DATASET:

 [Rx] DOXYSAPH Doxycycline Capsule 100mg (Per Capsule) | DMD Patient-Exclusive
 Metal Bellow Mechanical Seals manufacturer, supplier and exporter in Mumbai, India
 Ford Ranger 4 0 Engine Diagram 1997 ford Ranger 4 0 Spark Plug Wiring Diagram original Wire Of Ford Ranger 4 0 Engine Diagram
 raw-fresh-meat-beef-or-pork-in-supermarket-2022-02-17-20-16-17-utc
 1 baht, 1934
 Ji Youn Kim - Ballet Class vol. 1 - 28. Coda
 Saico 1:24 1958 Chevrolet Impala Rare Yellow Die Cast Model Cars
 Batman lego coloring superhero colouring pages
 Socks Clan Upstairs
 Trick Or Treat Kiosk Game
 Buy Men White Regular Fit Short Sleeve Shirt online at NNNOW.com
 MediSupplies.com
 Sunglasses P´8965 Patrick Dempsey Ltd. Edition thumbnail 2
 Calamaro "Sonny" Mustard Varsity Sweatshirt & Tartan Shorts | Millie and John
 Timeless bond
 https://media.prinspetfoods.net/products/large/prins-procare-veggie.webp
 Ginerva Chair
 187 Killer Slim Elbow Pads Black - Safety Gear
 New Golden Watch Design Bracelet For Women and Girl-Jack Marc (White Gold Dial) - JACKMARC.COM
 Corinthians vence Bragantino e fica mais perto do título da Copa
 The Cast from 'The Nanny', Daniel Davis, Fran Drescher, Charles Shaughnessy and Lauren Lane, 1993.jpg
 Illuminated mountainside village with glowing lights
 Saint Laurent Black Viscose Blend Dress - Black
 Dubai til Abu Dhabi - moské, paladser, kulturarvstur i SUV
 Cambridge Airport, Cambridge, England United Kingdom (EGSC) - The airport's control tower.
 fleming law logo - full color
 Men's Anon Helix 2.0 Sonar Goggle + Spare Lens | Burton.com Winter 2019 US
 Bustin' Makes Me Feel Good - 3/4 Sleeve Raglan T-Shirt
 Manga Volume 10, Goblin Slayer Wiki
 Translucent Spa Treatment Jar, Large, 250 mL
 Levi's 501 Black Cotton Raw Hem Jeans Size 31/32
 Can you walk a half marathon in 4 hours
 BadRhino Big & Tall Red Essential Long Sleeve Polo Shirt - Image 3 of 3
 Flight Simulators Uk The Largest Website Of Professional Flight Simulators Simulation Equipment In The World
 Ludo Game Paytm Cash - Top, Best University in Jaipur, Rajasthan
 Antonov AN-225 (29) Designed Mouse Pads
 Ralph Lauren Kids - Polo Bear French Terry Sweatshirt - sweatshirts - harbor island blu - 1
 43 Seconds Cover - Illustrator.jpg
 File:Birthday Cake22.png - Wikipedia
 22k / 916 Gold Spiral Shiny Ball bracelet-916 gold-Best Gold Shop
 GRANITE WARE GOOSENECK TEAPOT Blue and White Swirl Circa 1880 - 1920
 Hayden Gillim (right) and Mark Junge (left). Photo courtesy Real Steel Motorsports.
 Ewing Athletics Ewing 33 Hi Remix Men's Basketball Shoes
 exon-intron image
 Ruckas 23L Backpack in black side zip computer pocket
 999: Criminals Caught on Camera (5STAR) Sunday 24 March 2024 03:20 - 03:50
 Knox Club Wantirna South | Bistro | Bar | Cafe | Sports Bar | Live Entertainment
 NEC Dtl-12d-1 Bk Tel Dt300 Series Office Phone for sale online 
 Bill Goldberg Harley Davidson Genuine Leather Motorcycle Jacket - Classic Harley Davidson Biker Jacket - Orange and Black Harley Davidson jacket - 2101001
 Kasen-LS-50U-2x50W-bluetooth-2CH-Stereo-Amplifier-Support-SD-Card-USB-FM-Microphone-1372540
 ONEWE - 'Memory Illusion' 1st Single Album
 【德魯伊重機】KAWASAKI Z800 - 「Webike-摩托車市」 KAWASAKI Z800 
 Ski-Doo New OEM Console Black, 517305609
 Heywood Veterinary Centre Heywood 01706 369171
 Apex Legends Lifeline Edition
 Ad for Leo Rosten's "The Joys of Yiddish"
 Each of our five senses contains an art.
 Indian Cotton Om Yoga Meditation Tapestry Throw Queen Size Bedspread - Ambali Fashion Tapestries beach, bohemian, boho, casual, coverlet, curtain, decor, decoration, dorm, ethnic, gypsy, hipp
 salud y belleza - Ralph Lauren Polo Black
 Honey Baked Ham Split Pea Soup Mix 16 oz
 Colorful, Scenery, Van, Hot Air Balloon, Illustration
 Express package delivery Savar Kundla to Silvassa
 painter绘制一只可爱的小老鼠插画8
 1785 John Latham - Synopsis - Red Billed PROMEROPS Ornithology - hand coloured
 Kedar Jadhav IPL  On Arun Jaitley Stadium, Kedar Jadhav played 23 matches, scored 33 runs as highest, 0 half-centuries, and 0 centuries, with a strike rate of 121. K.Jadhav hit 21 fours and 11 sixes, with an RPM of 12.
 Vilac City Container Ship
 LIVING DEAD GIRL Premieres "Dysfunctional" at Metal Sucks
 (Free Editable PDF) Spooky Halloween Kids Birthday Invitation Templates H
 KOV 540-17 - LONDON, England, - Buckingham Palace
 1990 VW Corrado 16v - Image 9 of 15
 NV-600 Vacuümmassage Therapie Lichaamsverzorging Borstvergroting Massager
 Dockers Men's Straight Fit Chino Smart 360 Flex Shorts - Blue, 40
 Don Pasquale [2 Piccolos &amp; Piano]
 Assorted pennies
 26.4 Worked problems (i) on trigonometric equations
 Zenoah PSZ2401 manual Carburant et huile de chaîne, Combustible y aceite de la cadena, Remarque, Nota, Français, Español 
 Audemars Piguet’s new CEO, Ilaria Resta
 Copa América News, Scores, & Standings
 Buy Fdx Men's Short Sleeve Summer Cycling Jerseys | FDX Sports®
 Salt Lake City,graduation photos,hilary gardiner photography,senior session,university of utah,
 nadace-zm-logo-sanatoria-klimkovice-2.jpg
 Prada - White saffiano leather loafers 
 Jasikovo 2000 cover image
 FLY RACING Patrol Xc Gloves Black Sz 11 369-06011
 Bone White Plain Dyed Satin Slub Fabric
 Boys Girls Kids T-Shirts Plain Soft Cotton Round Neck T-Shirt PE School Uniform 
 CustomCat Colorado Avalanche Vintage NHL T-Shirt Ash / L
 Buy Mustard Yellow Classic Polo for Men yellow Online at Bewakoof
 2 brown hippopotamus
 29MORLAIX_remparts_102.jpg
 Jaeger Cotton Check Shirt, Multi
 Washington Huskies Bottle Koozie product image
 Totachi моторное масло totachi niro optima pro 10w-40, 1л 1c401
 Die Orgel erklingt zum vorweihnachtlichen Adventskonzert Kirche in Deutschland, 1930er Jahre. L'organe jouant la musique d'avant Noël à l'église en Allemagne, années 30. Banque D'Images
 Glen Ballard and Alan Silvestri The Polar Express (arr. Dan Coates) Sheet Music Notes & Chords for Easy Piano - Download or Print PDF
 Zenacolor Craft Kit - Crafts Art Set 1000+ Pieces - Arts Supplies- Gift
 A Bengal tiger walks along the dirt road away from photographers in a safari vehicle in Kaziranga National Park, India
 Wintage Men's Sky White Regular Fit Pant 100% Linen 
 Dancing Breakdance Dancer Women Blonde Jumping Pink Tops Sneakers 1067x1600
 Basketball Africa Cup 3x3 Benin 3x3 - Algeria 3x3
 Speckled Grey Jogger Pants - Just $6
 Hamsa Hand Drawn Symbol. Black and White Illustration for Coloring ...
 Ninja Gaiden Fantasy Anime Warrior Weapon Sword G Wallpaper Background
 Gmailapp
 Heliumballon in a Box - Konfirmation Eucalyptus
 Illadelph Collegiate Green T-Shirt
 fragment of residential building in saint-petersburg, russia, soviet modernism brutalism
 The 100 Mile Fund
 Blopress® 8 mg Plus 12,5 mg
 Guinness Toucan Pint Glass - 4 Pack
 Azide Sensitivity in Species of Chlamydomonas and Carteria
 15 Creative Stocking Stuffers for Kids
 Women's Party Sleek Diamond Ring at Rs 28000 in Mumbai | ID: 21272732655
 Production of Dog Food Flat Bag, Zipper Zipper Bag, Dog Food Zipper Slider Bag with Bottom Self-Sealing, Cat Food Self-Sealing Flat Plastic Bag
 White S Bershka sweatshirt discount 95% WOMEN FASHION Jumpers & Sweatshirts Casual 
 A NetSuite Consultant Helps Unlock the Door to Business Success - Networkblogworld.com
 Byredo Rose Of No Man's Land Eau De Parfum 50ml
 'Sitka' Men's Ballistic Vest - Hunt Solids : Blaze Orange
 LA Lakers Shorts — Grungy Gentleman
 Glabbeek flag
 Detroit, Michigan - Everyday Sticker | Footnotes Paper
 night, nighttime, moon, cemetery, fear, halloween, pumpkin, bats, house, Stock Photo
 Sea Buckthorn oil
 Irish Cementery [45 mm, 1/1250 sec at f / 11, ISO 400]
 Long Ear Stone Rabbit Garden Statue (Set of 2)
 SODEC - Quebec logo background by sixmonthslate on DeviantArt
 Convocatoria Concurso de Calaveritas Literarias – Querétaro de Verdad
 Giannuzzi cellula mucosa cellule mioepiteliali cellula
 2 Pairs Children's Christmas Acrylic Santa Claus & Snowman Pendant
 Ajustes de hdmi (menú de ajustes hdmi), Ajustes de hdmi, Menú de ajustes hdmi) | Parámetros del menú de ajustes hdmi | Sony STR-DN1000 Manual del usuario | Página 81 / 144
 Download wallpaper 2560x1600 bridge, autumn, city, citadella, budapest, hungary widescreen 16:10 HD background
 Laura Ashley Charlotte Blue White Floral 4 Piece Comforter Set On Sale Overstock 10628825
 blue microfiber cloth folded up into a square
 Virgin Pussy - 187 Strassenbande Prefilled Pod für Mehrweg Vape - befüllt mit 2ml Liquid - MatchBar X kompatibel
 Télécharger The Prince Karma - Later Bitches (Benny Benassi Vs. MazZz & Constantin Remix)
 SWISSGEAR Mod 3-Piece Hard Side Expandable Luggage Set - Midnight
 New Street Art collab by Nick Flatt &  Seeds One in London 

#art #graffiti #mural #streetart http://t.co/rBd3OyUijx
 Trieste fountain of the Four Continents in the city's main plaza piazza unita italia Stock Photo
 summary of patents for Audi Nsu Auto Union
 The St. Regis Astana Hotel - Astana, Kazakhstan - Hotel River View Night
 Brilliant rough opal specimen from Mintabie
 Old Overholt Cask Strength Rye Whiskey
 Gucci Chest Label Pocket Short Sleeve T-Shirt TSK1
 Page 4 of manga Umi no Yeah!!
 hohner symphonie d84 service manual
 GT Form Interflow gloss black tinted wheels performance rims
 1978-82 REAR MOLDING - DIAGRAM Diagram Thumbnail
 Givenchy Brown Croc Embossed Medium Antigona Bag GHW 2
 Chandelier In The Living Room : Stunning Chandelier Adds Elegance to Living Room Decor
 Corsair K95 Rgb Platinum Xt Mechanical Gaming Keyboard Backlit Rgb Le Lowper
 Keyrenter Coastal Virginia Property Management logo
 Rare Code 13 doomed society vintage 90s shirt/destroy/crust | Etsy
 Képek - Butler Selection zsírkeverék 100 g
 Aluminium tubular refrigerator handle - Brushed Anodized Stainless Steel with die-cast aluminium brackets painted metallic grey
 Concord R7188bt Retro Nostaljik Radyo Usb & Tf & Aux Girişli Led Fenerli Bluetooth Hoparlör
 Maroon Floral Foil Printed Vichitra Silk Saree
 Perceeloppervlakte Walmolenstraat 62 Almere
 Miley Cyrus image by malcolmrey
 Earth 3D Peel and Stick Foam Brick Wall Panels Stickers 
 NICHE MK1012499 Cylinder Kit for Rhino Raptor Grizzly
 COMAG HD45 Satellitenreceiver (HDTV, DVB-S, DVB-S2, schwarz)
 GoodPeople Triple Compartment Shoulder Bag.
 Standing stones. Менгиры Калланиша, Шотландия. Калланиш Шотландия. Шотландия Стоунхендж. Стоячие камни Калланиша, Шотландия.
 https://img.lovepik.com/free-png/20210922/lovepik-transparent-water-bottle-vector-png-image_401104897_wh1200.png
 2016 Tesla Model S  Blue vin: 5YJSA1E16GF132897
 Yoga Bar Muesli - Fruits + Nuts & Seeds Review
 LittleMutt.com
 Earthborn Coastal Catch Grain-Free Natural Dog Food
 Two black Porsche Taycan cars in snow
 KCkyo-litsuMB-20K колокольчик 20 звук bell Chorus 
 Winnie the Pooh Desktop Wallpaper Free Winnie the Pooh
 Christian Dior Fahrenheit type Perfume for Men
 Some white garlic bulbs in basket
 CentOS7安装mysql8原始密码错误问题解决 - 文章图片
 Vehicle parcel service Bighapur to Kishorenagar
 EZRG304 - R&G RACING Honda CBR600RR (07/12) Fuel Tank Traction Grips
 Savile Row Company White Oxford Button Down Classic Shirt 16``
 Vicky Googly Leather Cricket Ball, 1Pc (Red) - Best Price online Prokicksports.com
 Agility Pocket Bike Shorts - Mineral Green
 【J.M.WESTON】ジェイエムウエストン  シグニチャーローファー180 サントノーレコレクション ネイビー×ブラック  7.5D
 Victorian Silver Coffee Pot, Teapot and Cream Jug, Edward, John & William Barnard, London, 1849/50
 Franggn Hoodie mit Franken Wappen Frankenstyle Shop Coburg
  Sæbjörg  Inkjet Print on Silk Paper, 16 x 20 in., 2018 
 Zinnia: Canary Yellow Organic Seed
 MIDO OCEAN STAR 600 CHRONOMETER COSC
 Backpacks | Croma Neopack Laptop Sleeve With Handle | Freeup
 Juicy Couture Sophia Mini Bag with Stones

WORK INSTRUCTION: What are the lines, exactly as written above, from the line with "Copa América News, Scores, & Standings" to the line with "nadace-zm-logo-sanatoria-klimkovice-2.jpg", both included? Output only those.

WRITTEN RESPONSE:
 Copa América News, Scores, & Standings
 Buy Fdx Men's Short Sleeve Summer Cycling Jerseys | FDX Sports®
 Salt Lake City,graduation photos,hilary gardiner photography,senior session,university of utah,
 nadace-zm-logo-sanatoria-klimkovice-2.jpg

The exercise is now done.